[Data excerpts]
============

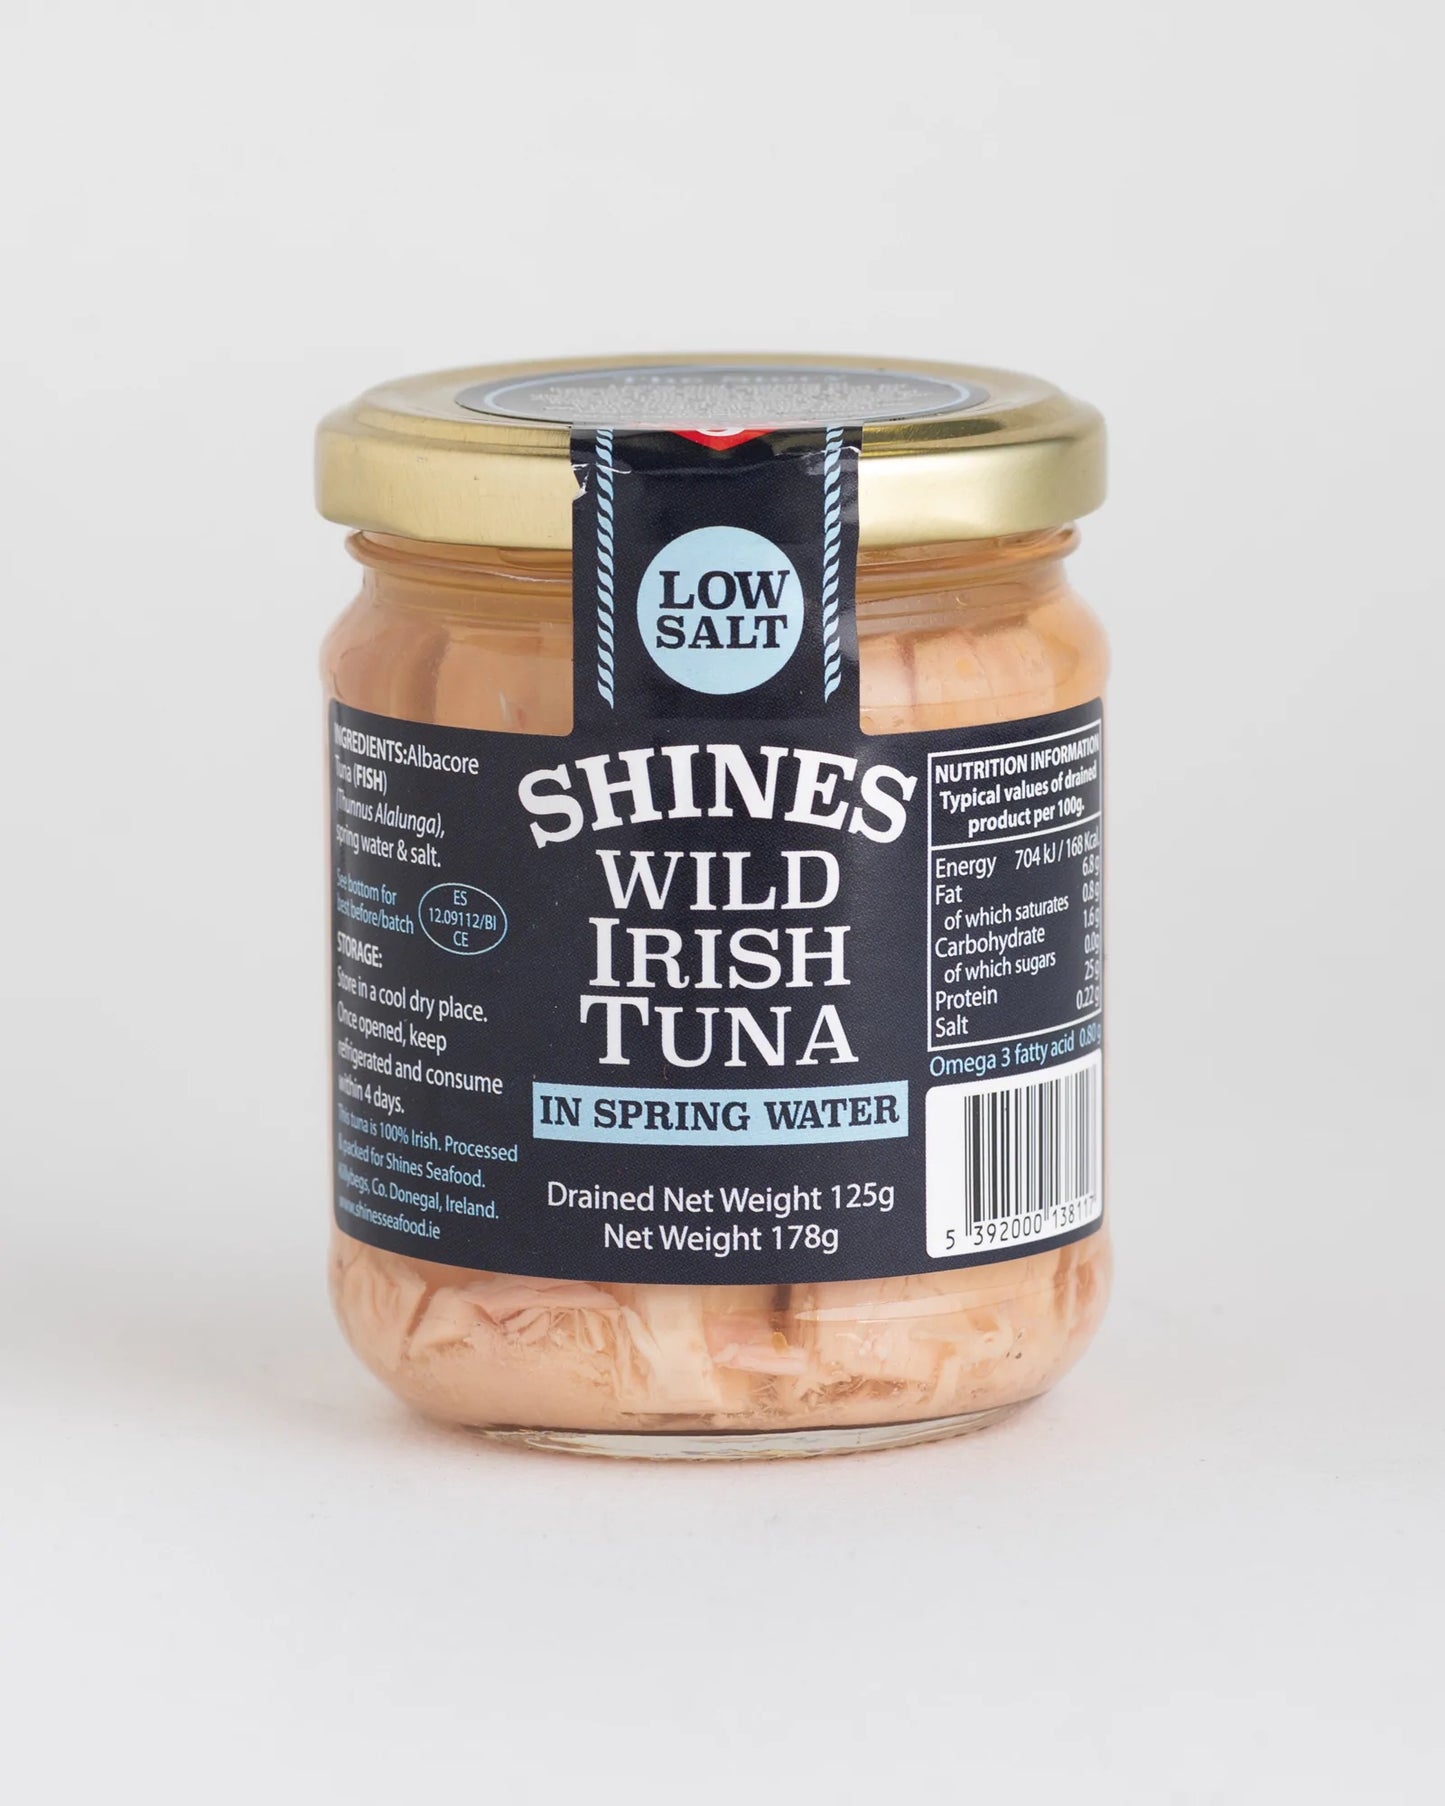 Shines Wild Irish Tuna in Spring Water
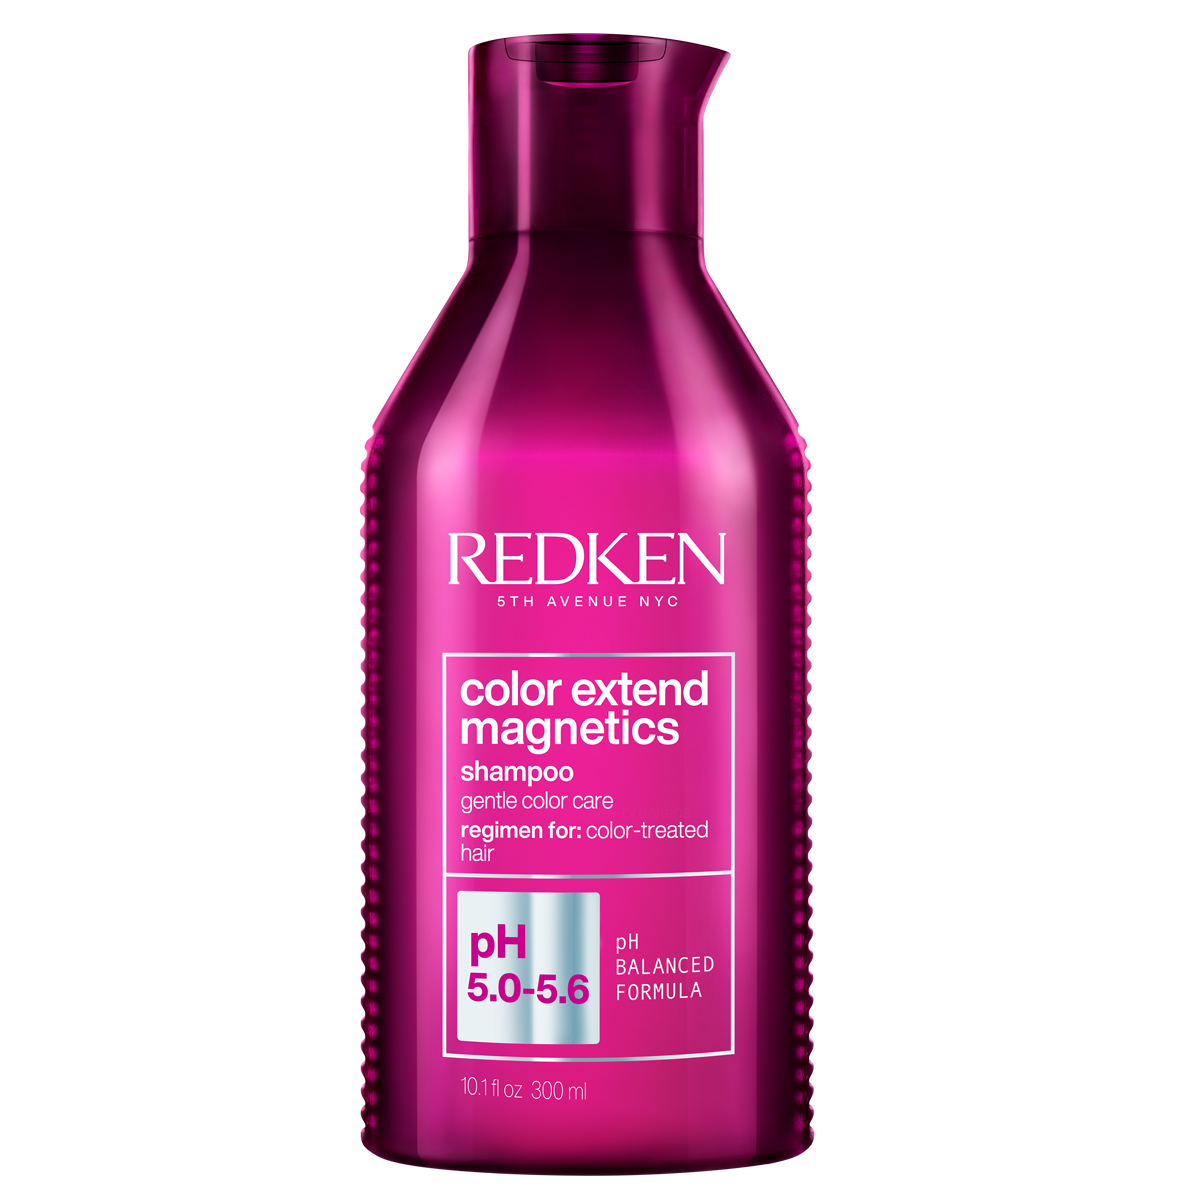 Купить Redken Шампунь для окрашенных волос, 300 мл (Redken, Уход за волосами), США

============

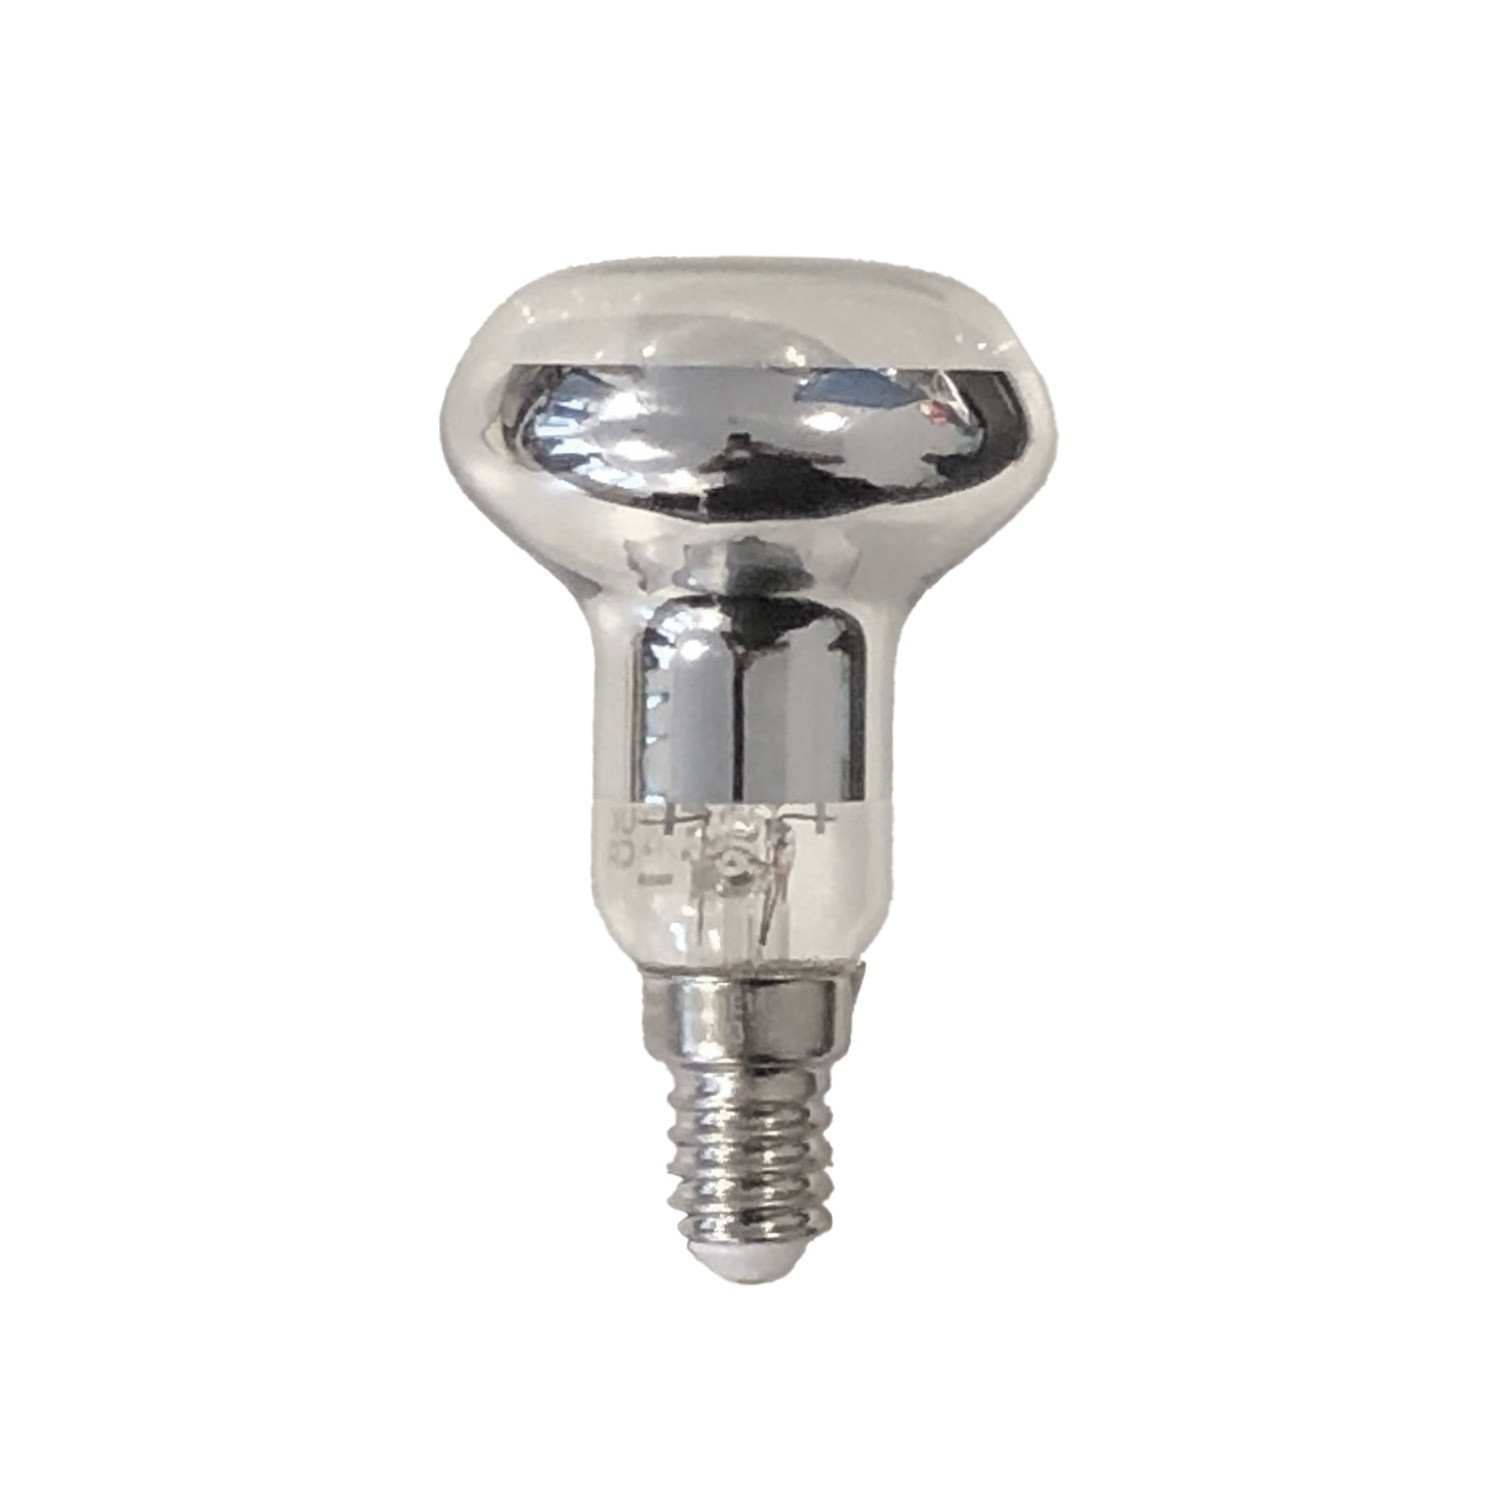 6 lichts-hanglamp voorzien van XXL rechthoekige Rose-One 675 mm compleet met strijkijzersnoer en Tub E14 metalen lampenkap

============

[Task] What is needed is an exact copy of the lines above, from the one holding "Shines Wild Irish Tuna in Spring Water" down to the one holding "Купить Redken Шампунь", with those two included and the pictures left out.

[Result of the exercise]
 Shines Wild Irish Tuna in Spring Water
 Купить Redken Шампунь для окрашенных волос, 300 мл (Redken, Уход за волосами), США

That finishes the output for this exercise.